Recorded information:
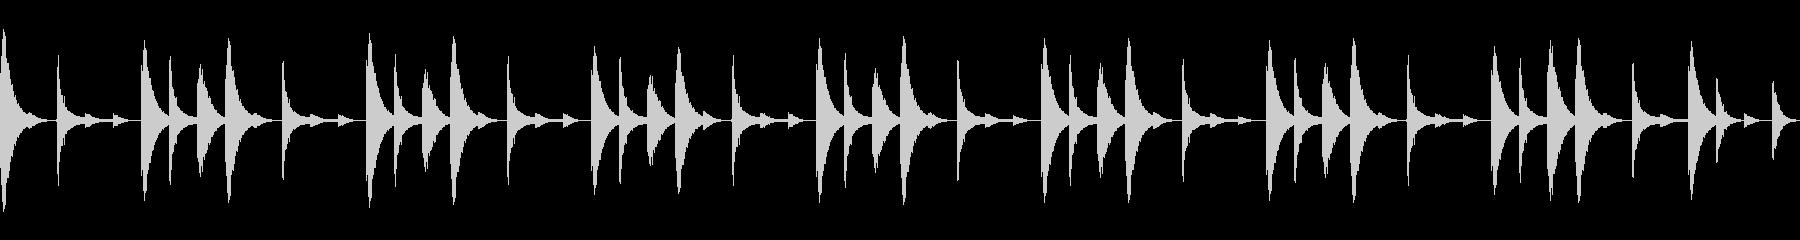 808音源を使用したシンプルなリズム01の未再生の波形
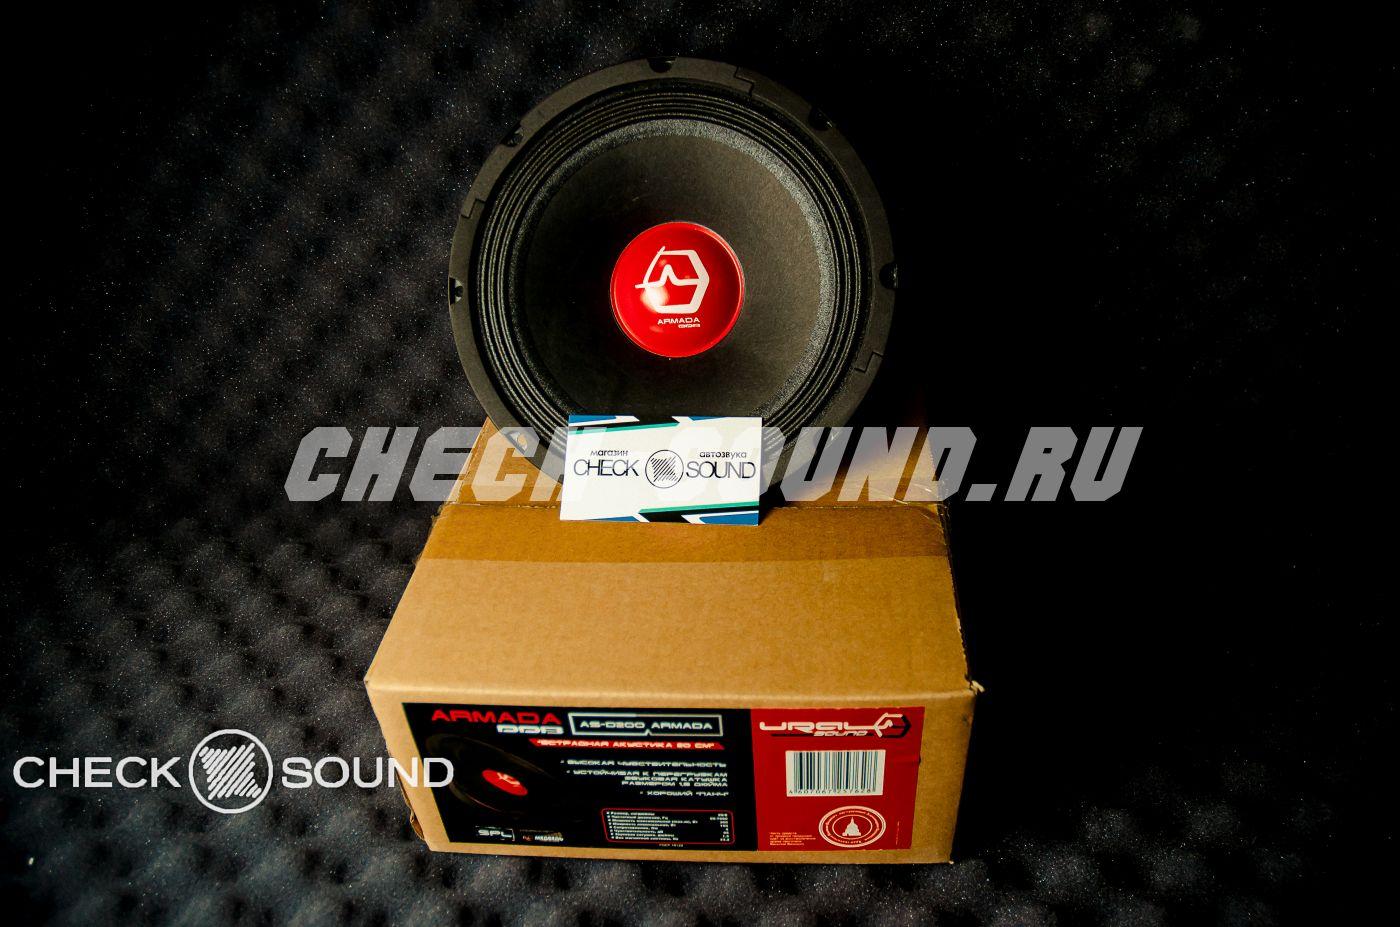 Ural AS-D200
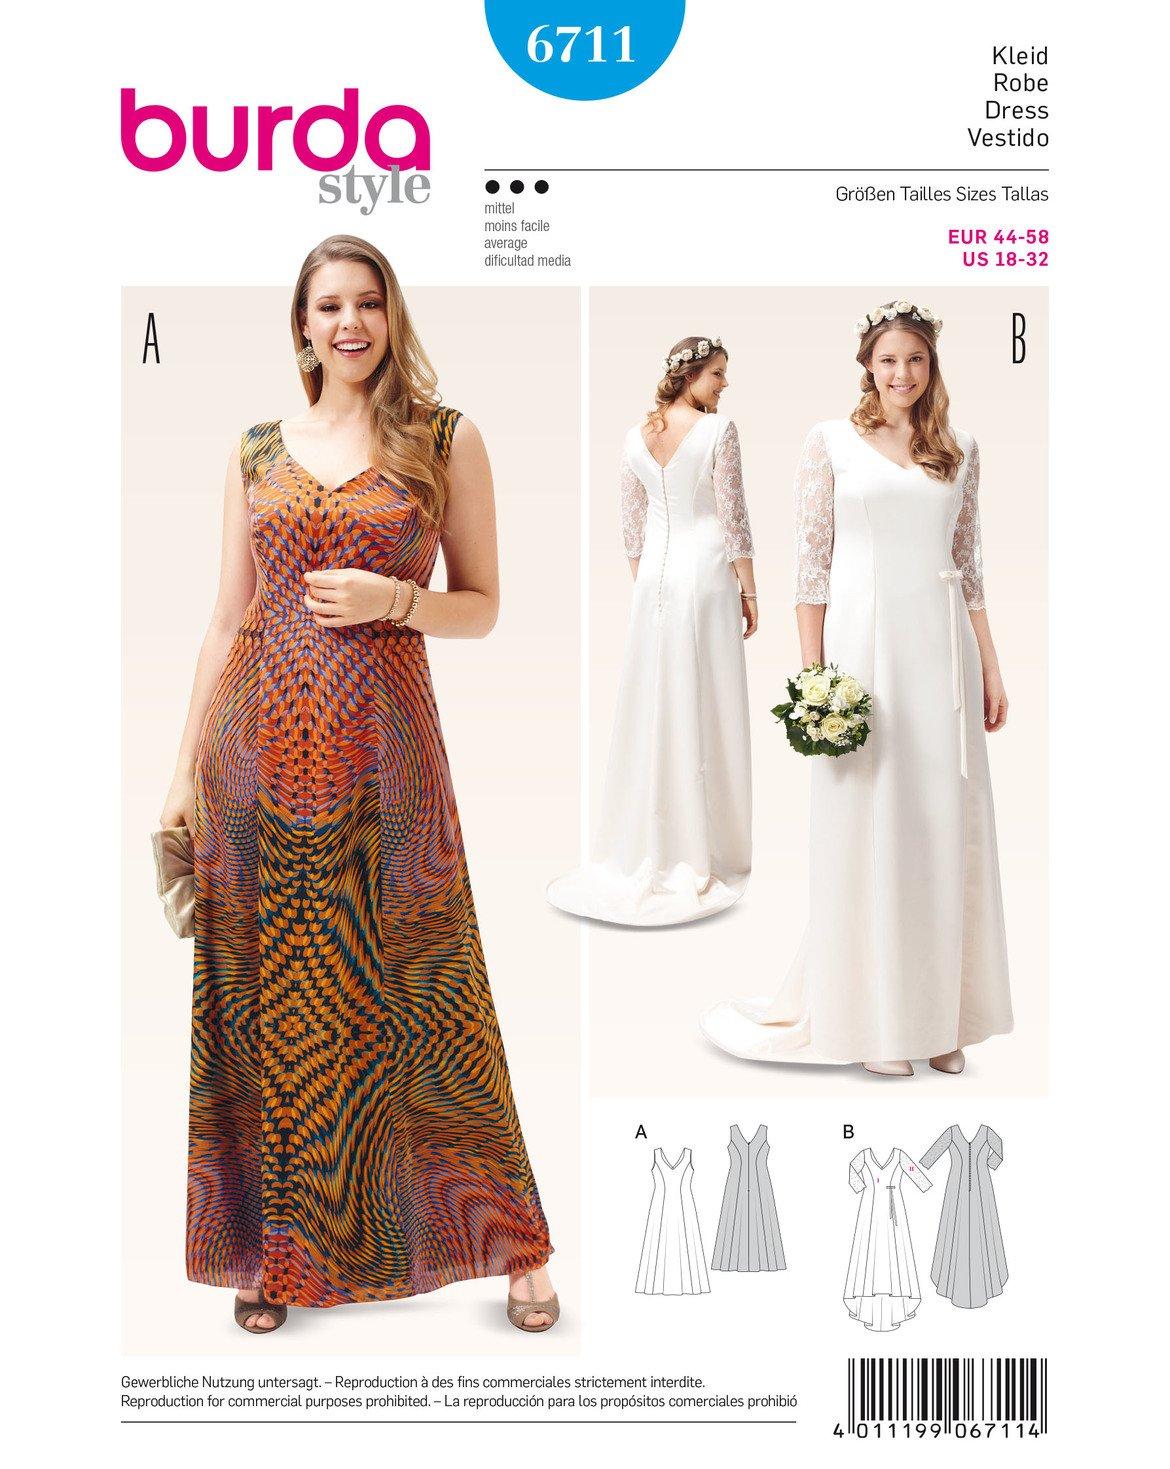 Burda 6711 Schnittmuster Abendkleid Brautkleid mit Spitzenärmeln ...

Task to complete: Print all of the material exactly. Omit pictures.

Answer to this exercise:
 808音源を使用したシンプルなリズム01の未再生の波形
 Ural AS-D200
 Burda 6711 Schnittmuster Abendkleid Brautkleid mit Spitzenärmeln ...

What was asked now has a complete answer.